These results are not consistent with previous reports by Recinella et al. (2020, 2021), which demonstrated that a group of potent analogs of the MIA-series of GHRH antagonists, MIA-602 and MIA-690, exert anxiolytic and antidepressant-like effects in mice [20,91]. Their study employed a combination of behavioral tasks resembling PTSD (the home cage locomotor activity test, OFT, light–dark box test, and tail suspension test), alongside ex vivo exposure of tissue specimens from the prefrontal cortex and hippocampus. They reported activation of Nrf2 and BDNF/TrkB pathways as the main mechanisms of action, along with reductions in oxidative stress and pro-inflammatory cytokines—mechanisms implicated in GWI-related cognitive and emotional impairments [20,91]. However, this discrepancy may be attributed to differences in the experimental design. Notably, Recinella et al. [20,91] did not incorporate any toxicant exposure such as CNS priming with CORT/DFP in their behavioral experiments. Their mechanistic analysis was conducted entirely ex vivo, using tissue specimens treated with LPS as the primary toxicant. This approach does not replicate the complex neuroimmune environment present in vivo following GWI-relevant exposures, which may explain the divergent outcomes observed with these GHRH analogs.
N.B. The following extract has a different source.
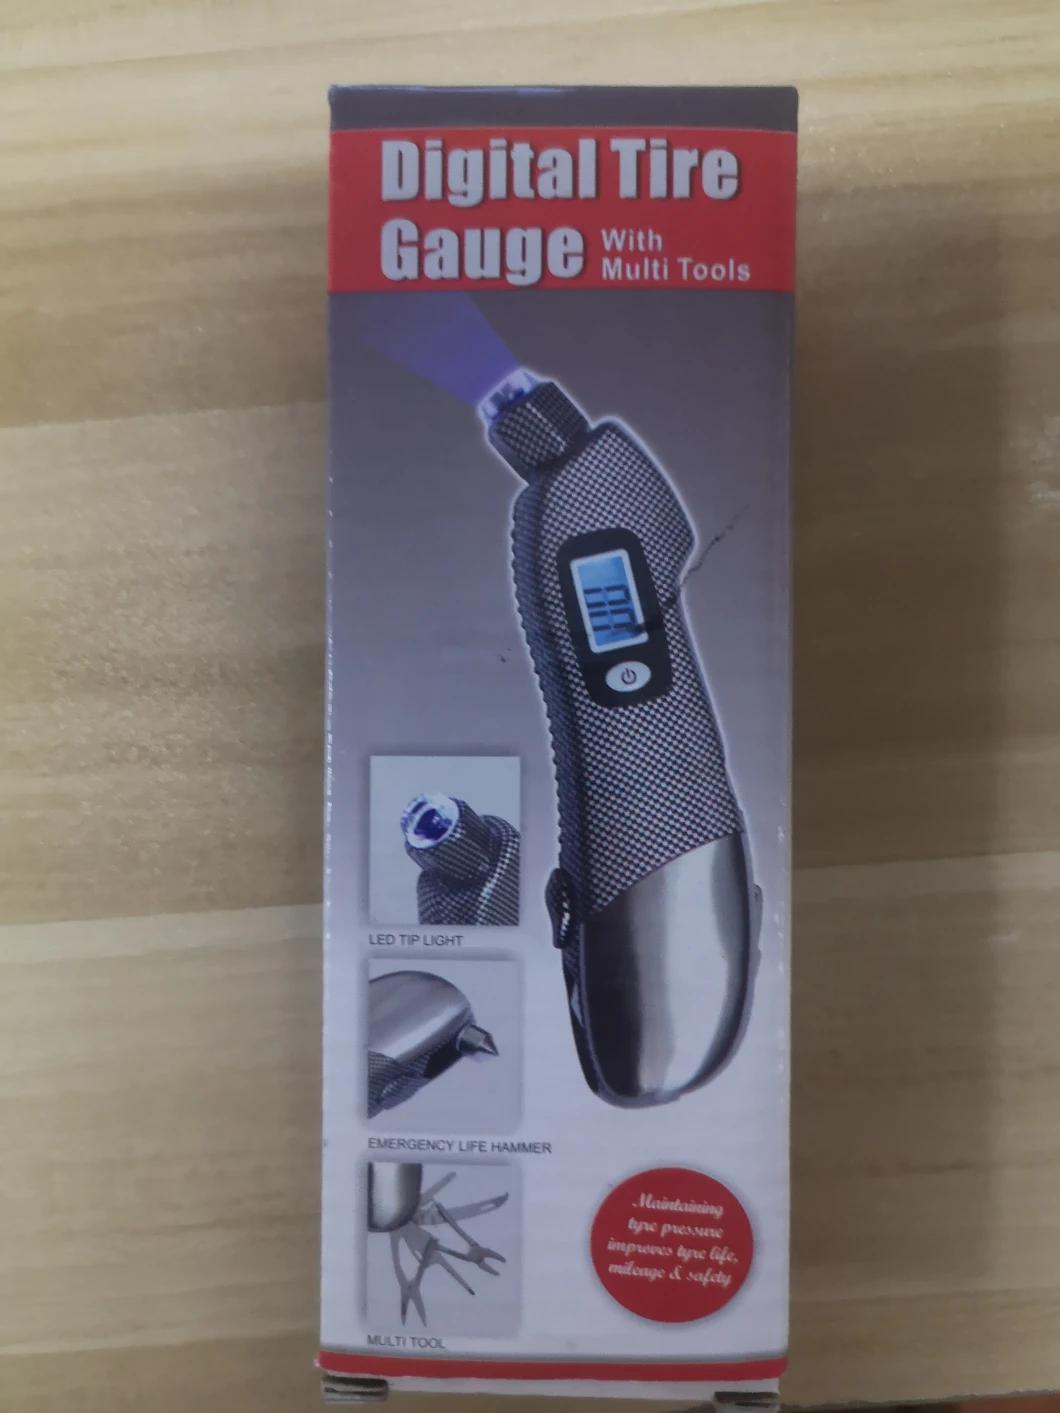 Multi Function 150 Psi Digital Tire Gauge with Emergency Tool and LCD Light

GHRH generates critical biological responses at diverse autocrine, paracrine, and endocrine levels [35,71,92,93,94]. The functional activity of the hormone released by the hypothalamus occurs through its direct interaction with extra- pituitary receptors in target tissues or by promoting an indirect trophic effect through the release of GH from the anterior pituitary and IGF-1 from secretory cells. Thus, the modulation of cognitive processes using GHRH or GHRH analogs can occur by intervening in the GHRH-GH-IGF axis. Discrepancies in the results obtained from evaluating GHRH and its synthetic analogs can be understood by considering each study’ s respective physiological and pathophysiological context. In healthy young men, the intranasal administration of exogenous GHRH1–44 resulted in abnormal hippocampal memory consolidation [48]. Similarly, the cerebroventricular injection of the same agonist triggered a negative ultrashort loop feedback signal, decreasing the neurosecretion and release of GH in male rats [47]. The normal aging process is associated with subtle cognitive declines due to deregulated nutrient sensing, deficient intercellular communications, stem cell exhaustion, and functional brain alterations [95]. These deficits were resolved using recombinant GHRH to stimulate the frail responses of the GHRH-GH-IGF axis [49,50,51,96]. Failures of the hypothalamic–pituitary–target axis can be attributed to epigenetic modifications and reduced proteostasis, leading to the shrinkage and atrophy of the target organs [97,98]. A consequent hyperactivity of the hypothalamus occurs due to faint or missing negative feedback. Consistent reports indicate that GHRH antagonists have a positive impact on the learning and memory responses of these elderly cohorts [38,39,40,99]. This effect can be explained by an inhibition of metabolism, comparable to long-term energy intake restrictions. A moderate reduction in GH and IGF-1 influences metabolic processes and helps to delay age-related morbid events [99,100,101,102,103].
Individuals with acquired neurological conditions develop inefficient, persistent, and harmful allostatic responses that exceed mild cognitive declines [4,104,105,106,107]. Synthetic GHRH antagonistic analogs can alleviate cognitive declines caused by acute exposure to toxicants or degenerative models of Alzheimer’s disease (AD). Jászberényi et al. (2012) demonstrated the therapeutic potential of MIA-690 in mice of the 5xFAD strain, a degenerative model showing cognitive and somatic deficits due to multiple mutations of incomplete penetrance [28].
Our study showed a limited and selective beneficial effect on the learning patterns of animals exposed to the acute effects of GWI toxicants, where cognitive impairment is perpetuated by identifiable epigenetic modifications [57,80,108,109,110]. Although GWI shares key pathological features with AD—including chronic neuroinflammation, metabolic dysfunction, and dysregulation of the GHRH-GH-IGF axis—our findings suggest that the mechanisms underlying the neuroprotective effects differ. Rather than supporting the idea that GHRH antagonists offer broad neuroprotective benefits across mechanistically related conditions, our results point to a more condition-specific mode of action [66,67].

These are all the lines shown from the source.